[Data shown Boundary: Start]

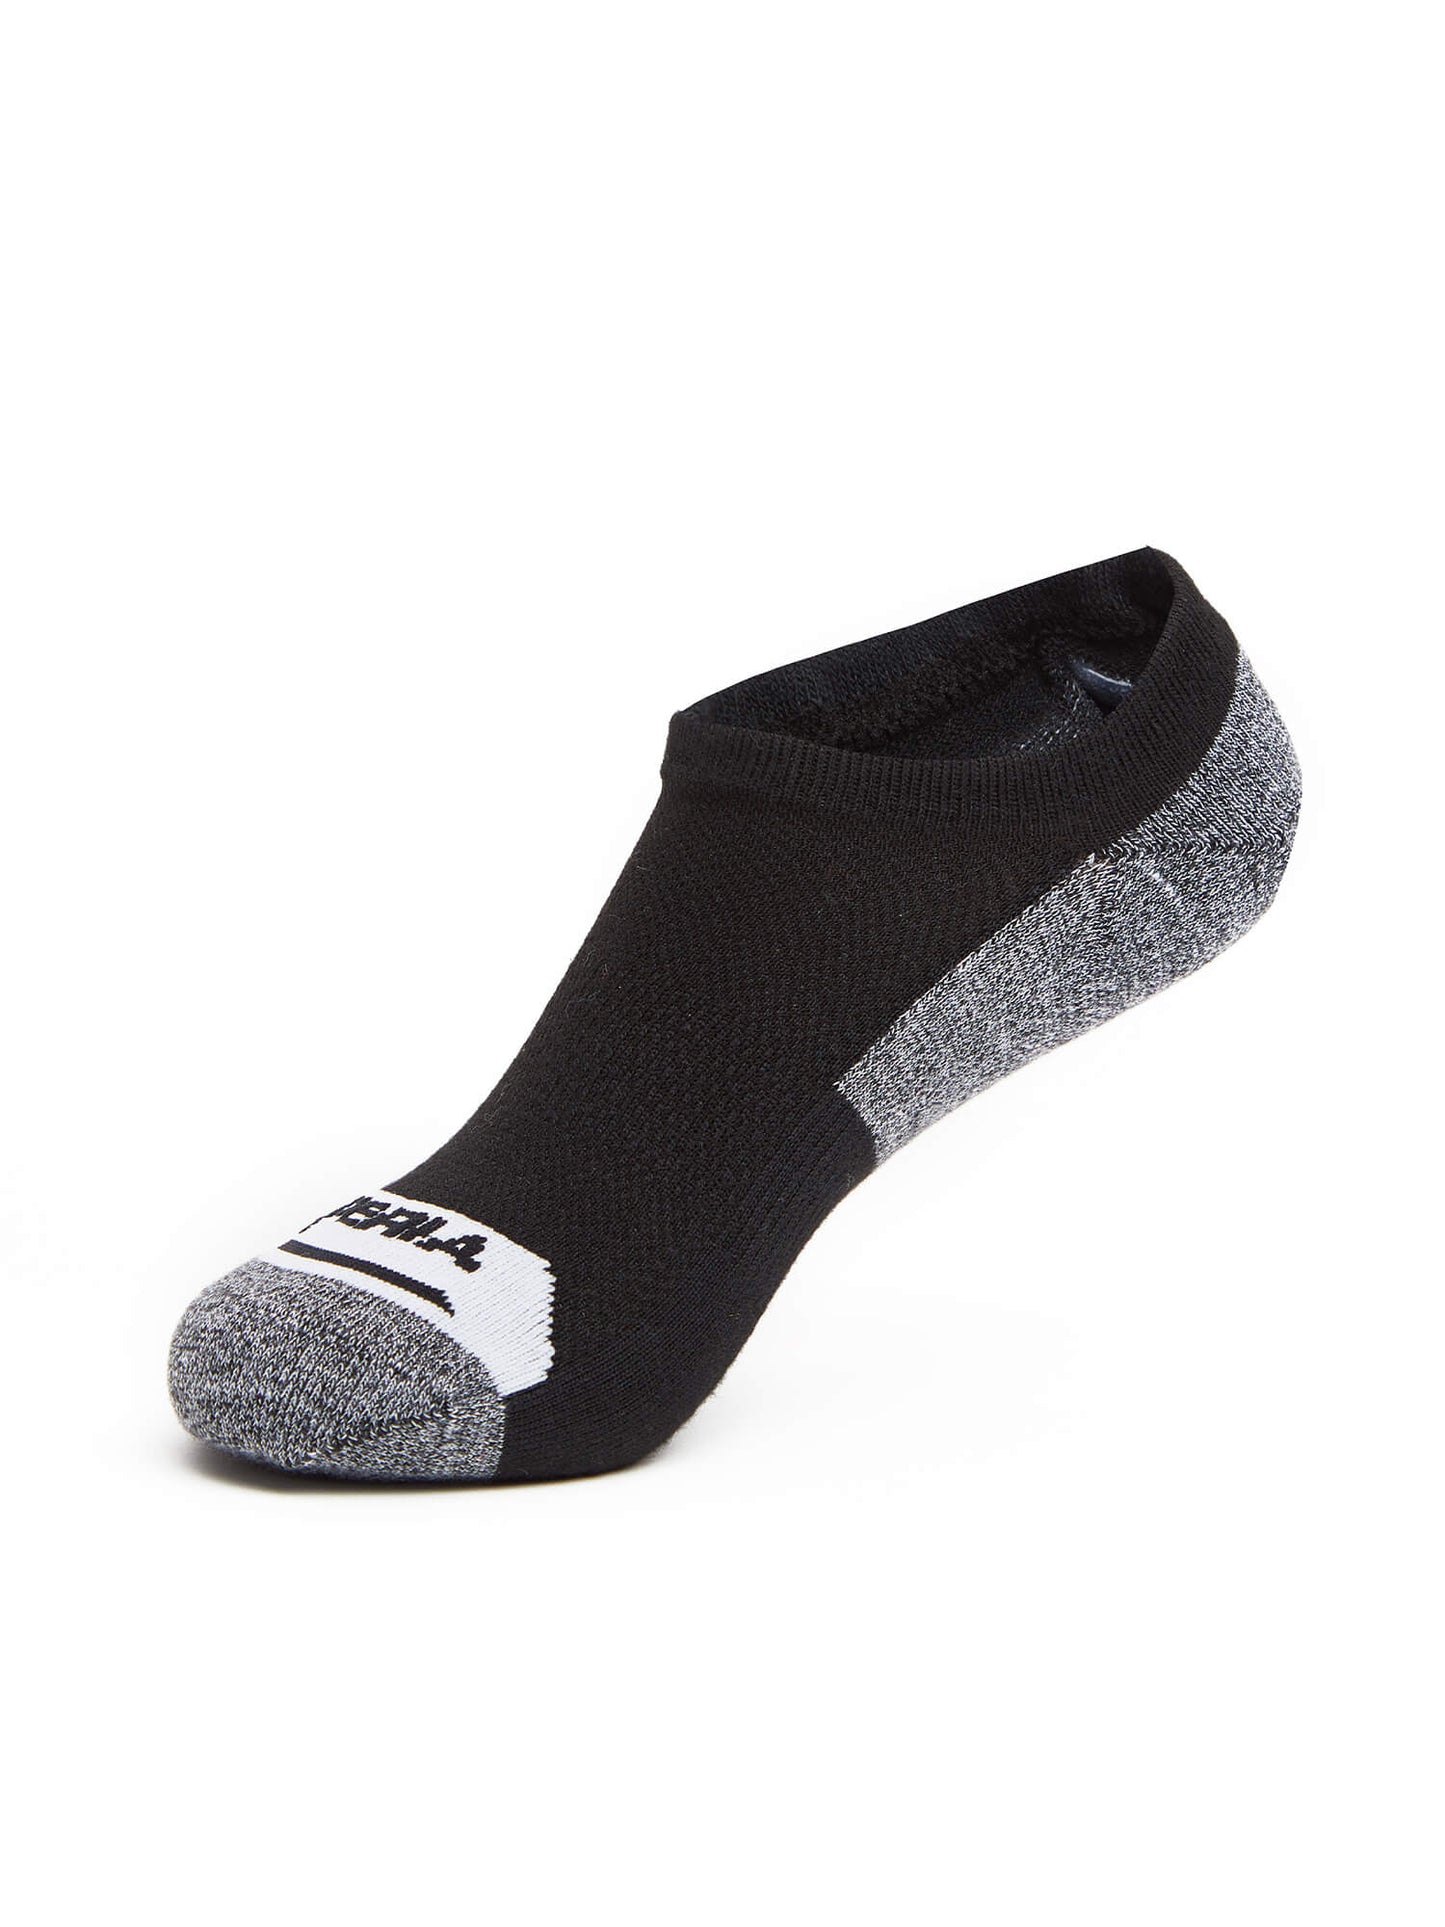 Side of Thorlos Experia Repreve No Show Liner Socks in Black
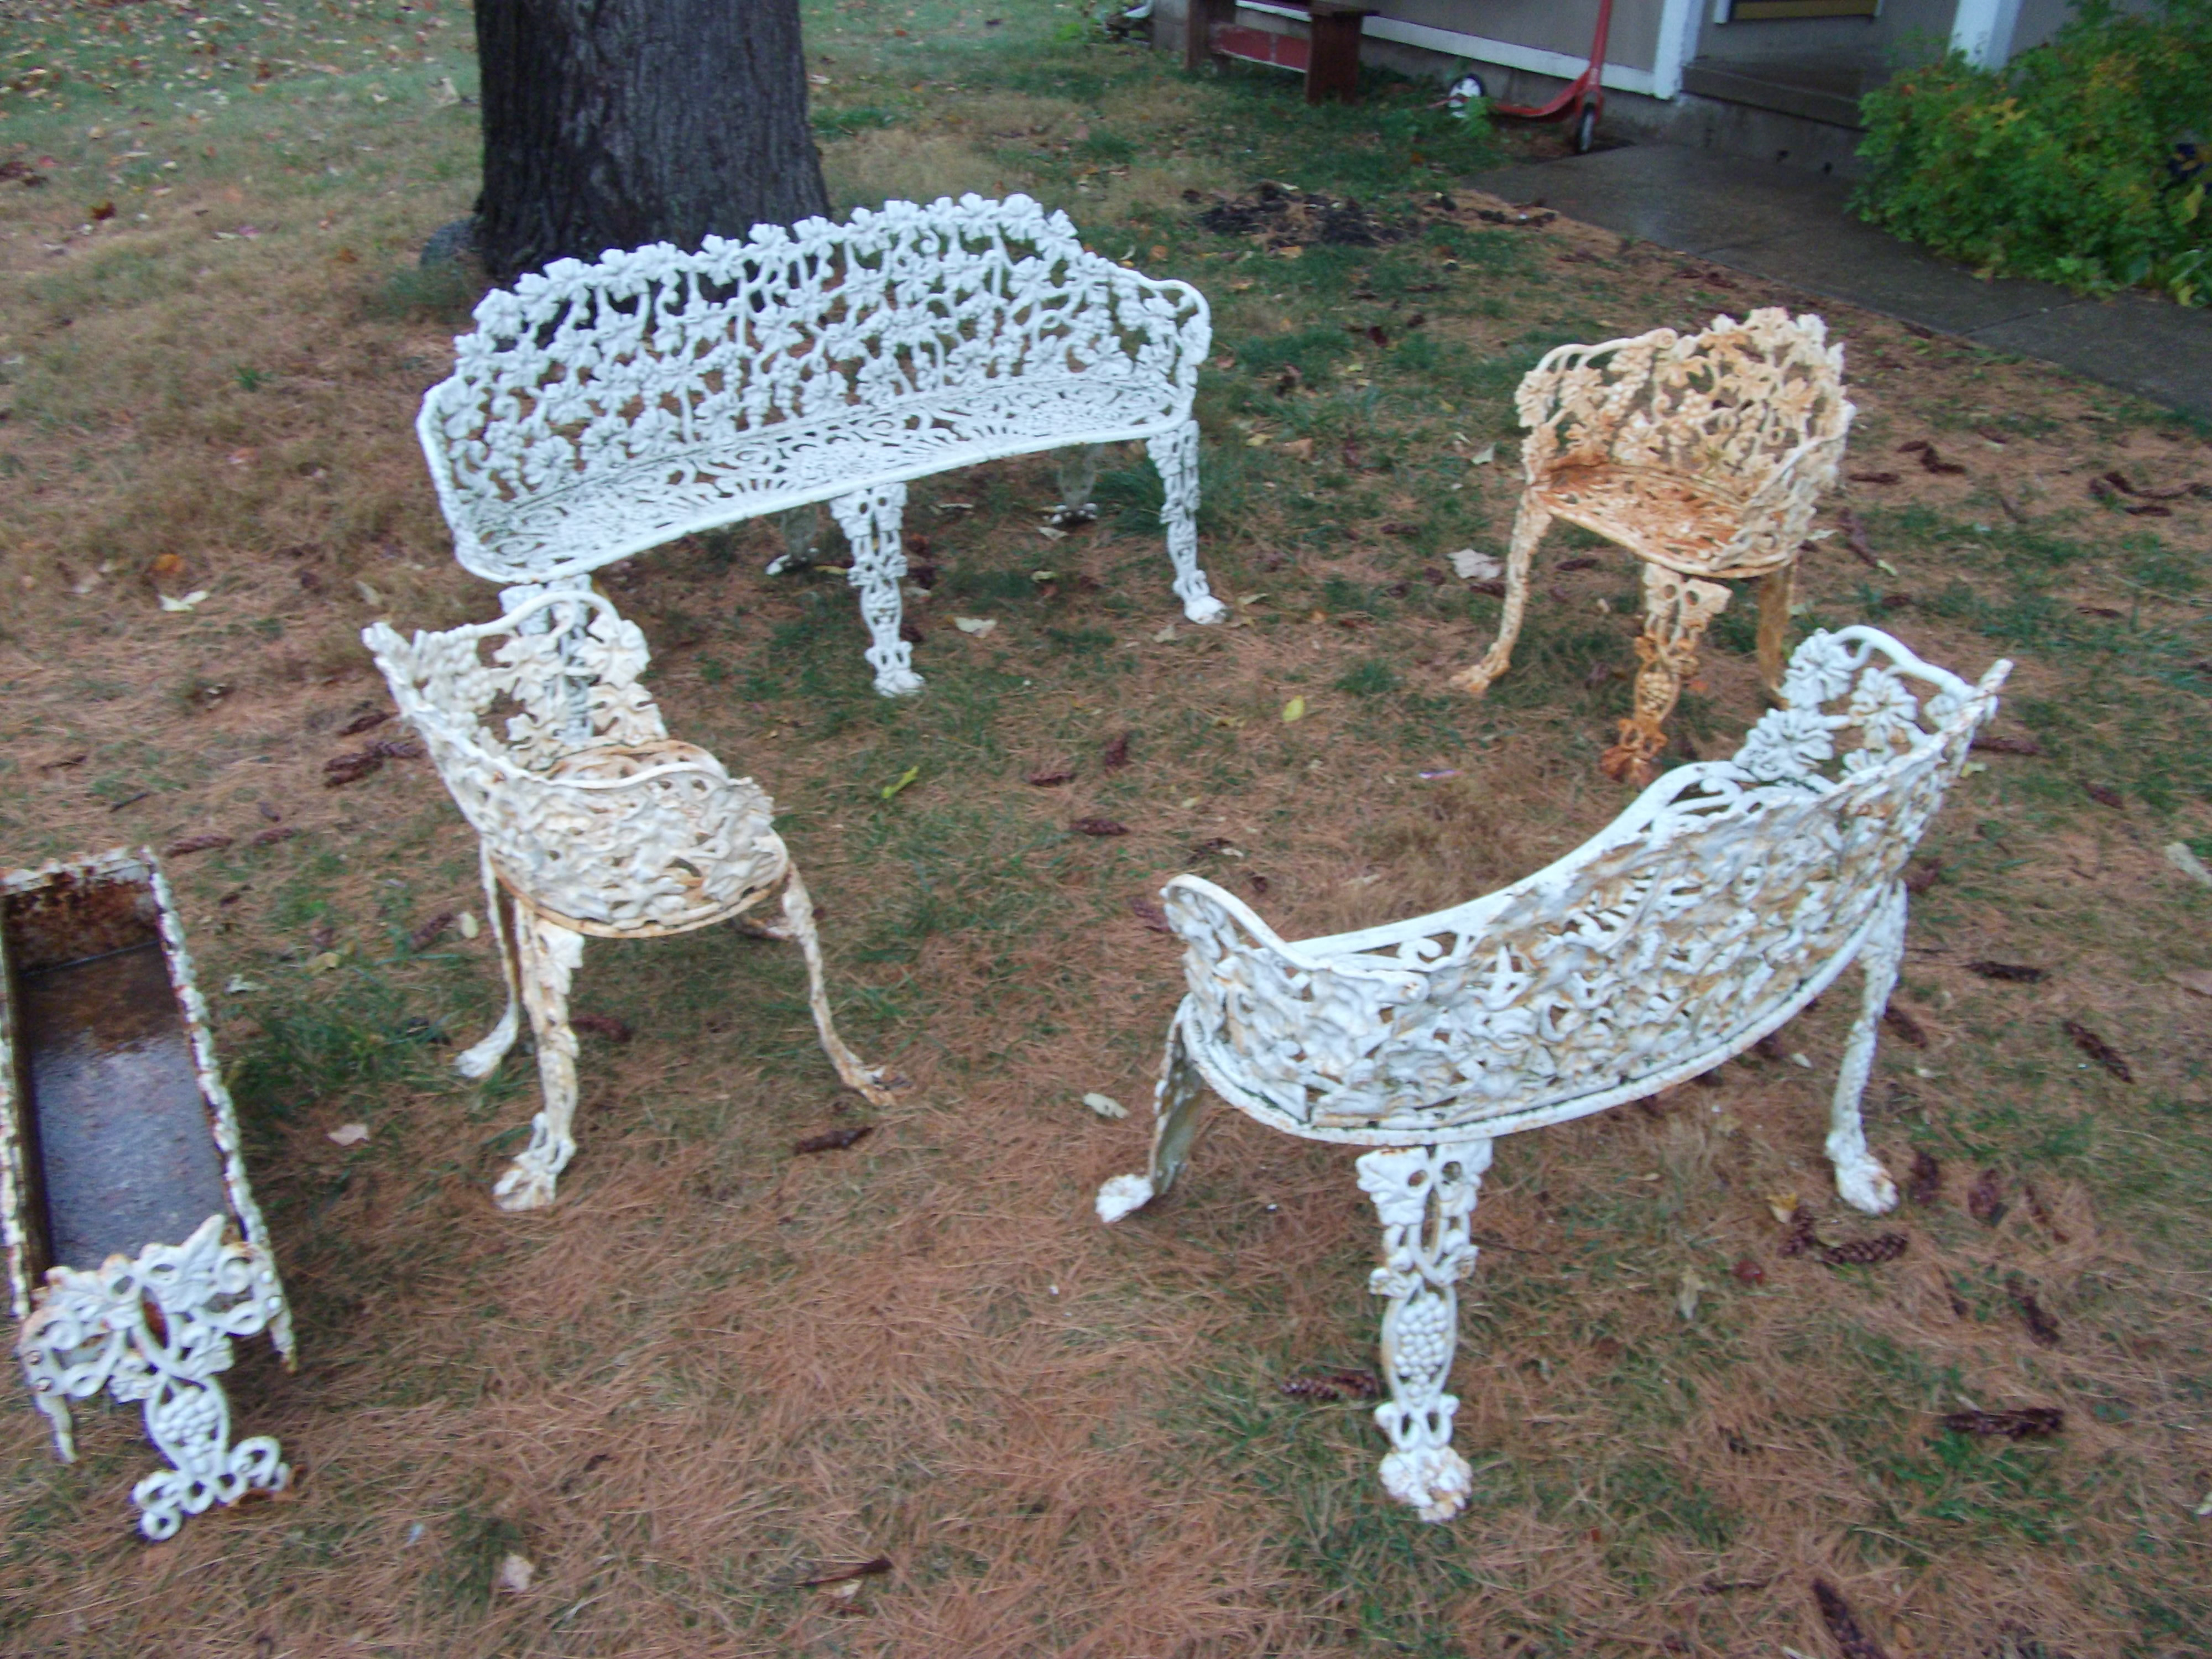 Best ideas about Cast Iron Patio Furniture
. Save or Pin Cast iron patio furniture For Sale Now.

[Data shown Boundary: End]

• Task details:
Go through the listing above and write it all out exactly, leaving out any picture.

• Your response:
 Side of Thorlos Experia Repreve No Show Liner Socks in Black
 Best ideas about Cast Iron Patio Furniture
. Save or Pin Cast iron patio furniture For Sale Now.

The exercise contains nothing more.